Limitations of our study include its two-center patient recruitment and its retrospective design. However, the use of two large independent cohorts, the homogeneity of results between both cohorts, and their separate analysis strongly confirm our original observation.

Moreover, the reason behind the decision of primary tumor resection had not been recorded, so we cannot exclude a confounding factor. In addition, the separation of patients into four groups reduces the number of patients per group and may impact on outcome. However, a comparison of patients who underwent resection of the primary tumor with unresected patients did not reveal in any differences in classical prognosis factors.

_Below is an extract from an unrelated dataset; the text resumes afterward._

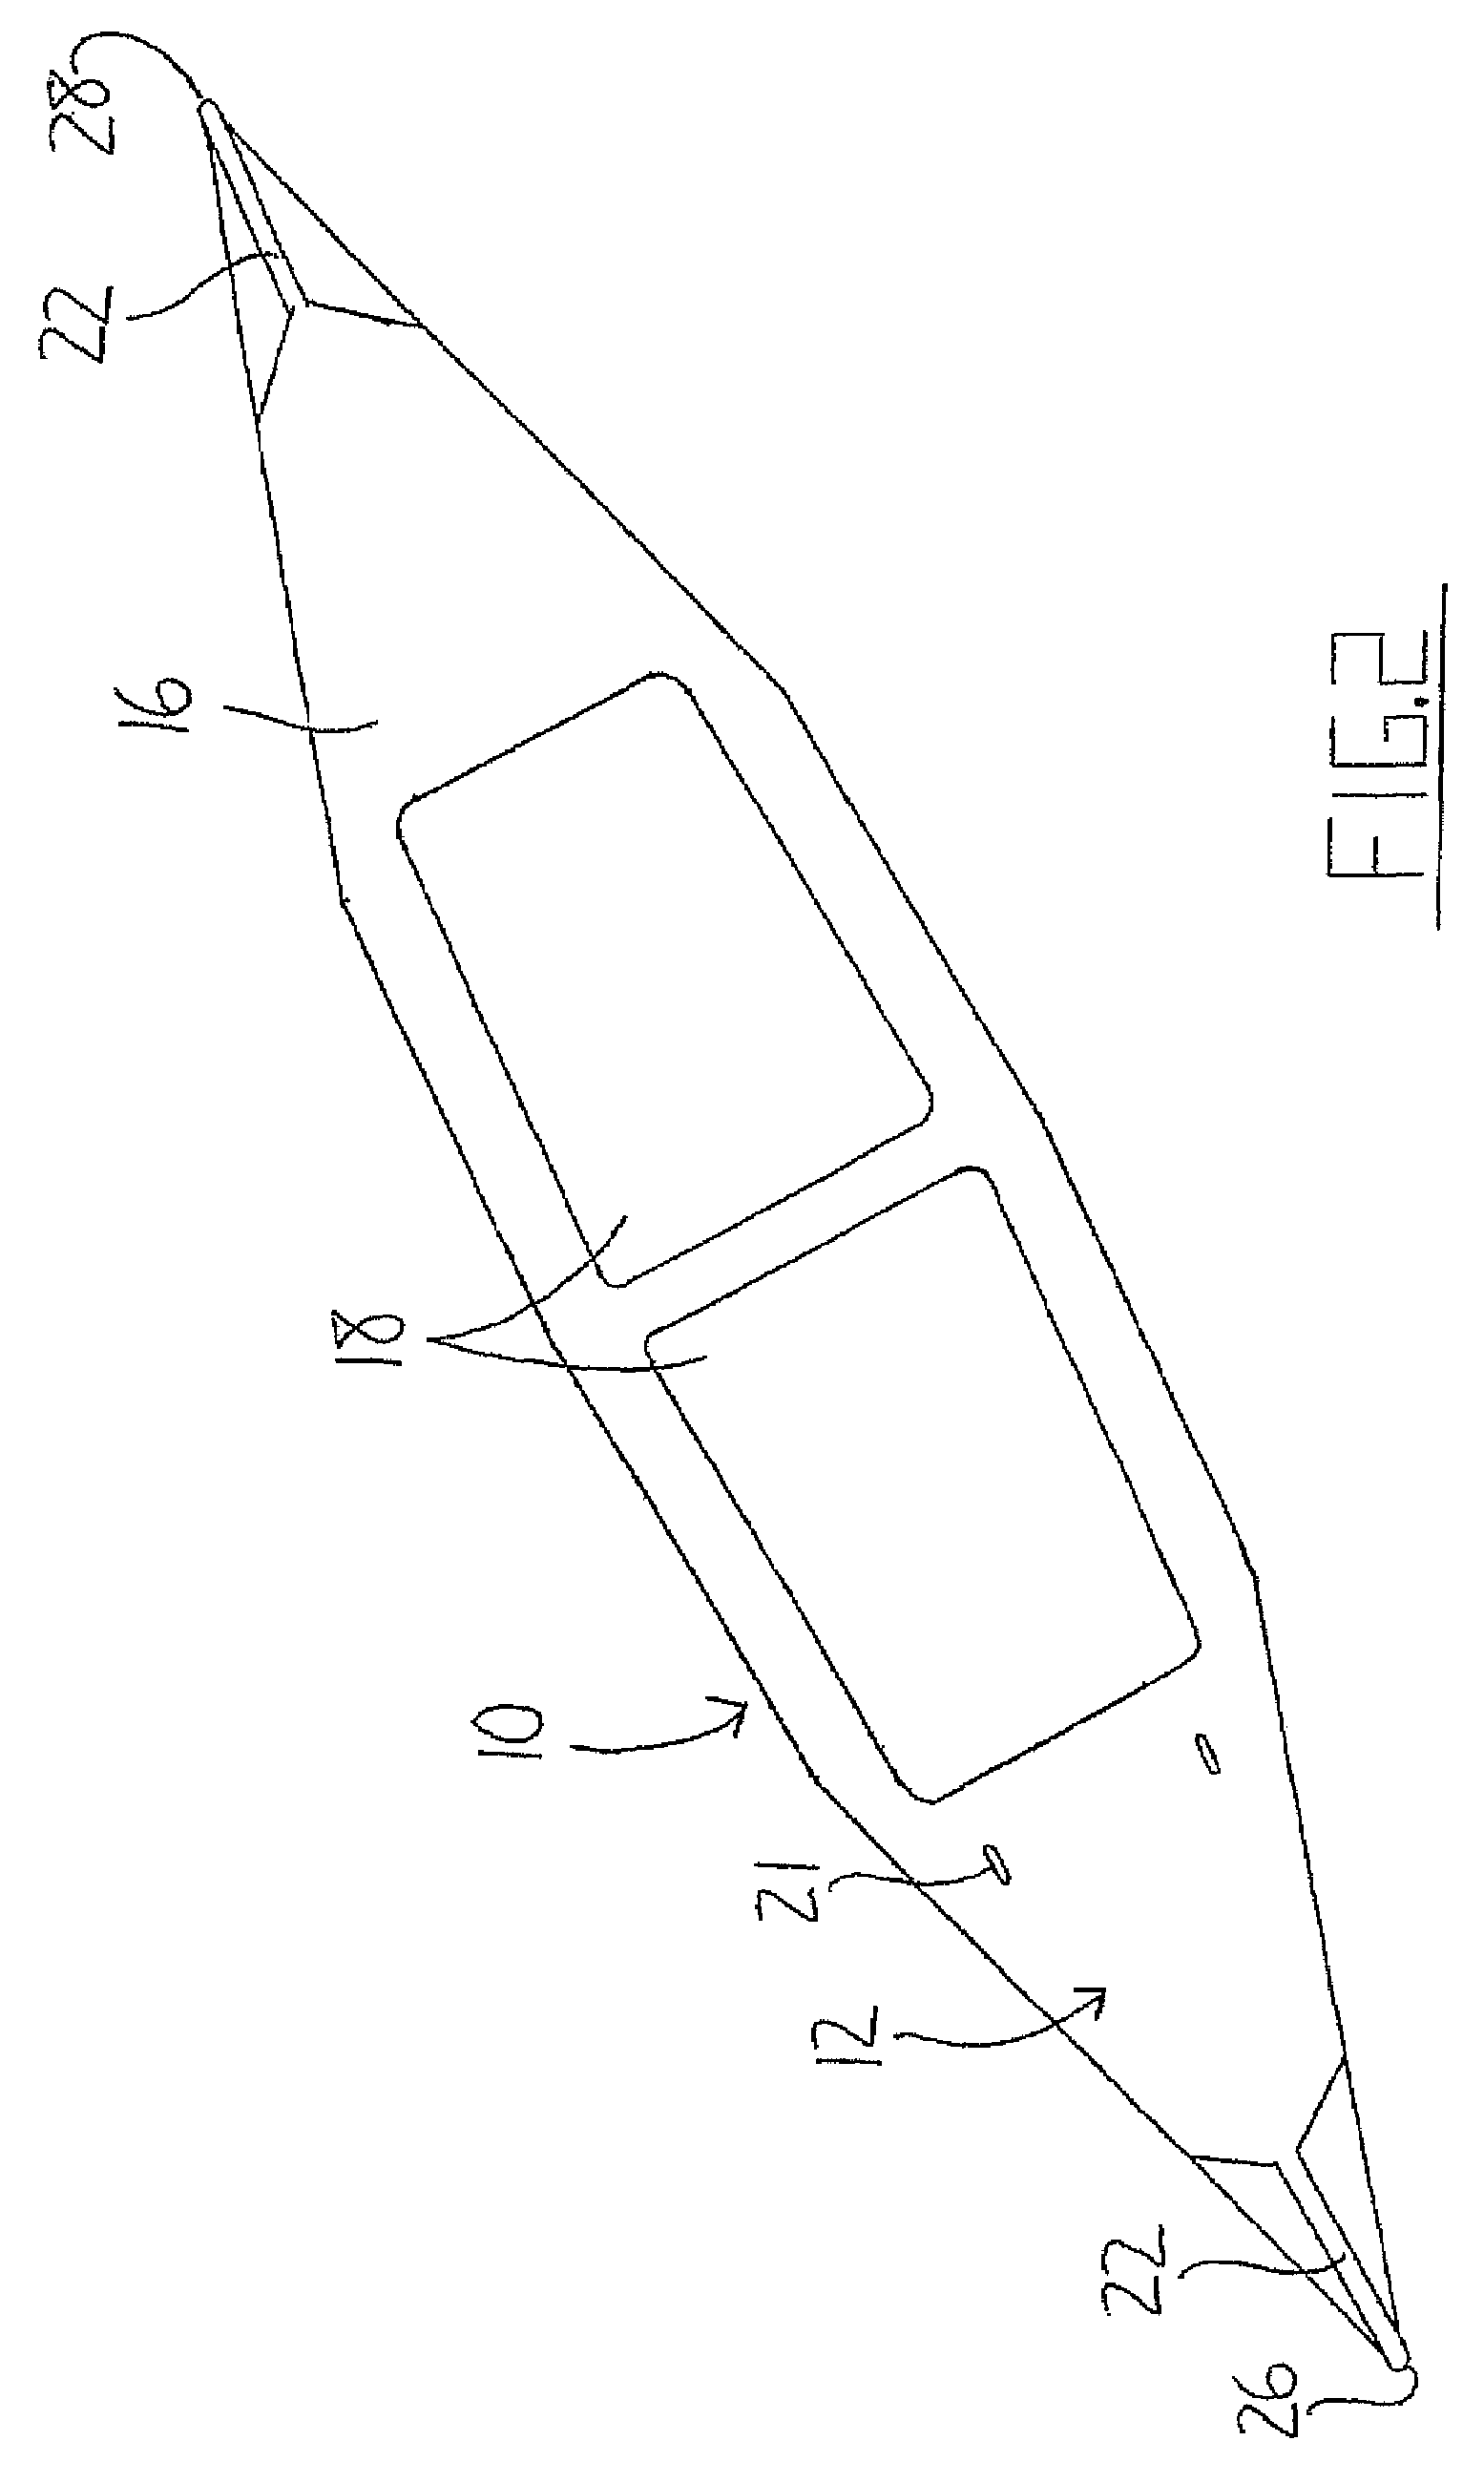 Cargo transport device for towing behind watercraft

In conclusion, our results raised the possibility that bevacizumab is associated with improvement in OS only in patients with primary tumor resection, and thus our findings indicate a possible new predictive marker of bevacizumab efficacy. On the other hand, it seems that patients without primary tumor resection obtain no survival advantage from bevacizumab use. Such information is important and may reduce health care costs and toxic events in the subgroup of patients with primary tumor in place. Moreover, our results could explain, at least in part, conflicting results among clinical trials concerning bevacizumab efficacy in mCRC patients, underscoring the need to report the proportion of patients with primary tumor resection.

These data support the rationale to prospectively validate the influence of primary tumor resection on bevacizumab efficacy in synchronous stage IV colorectal cancer.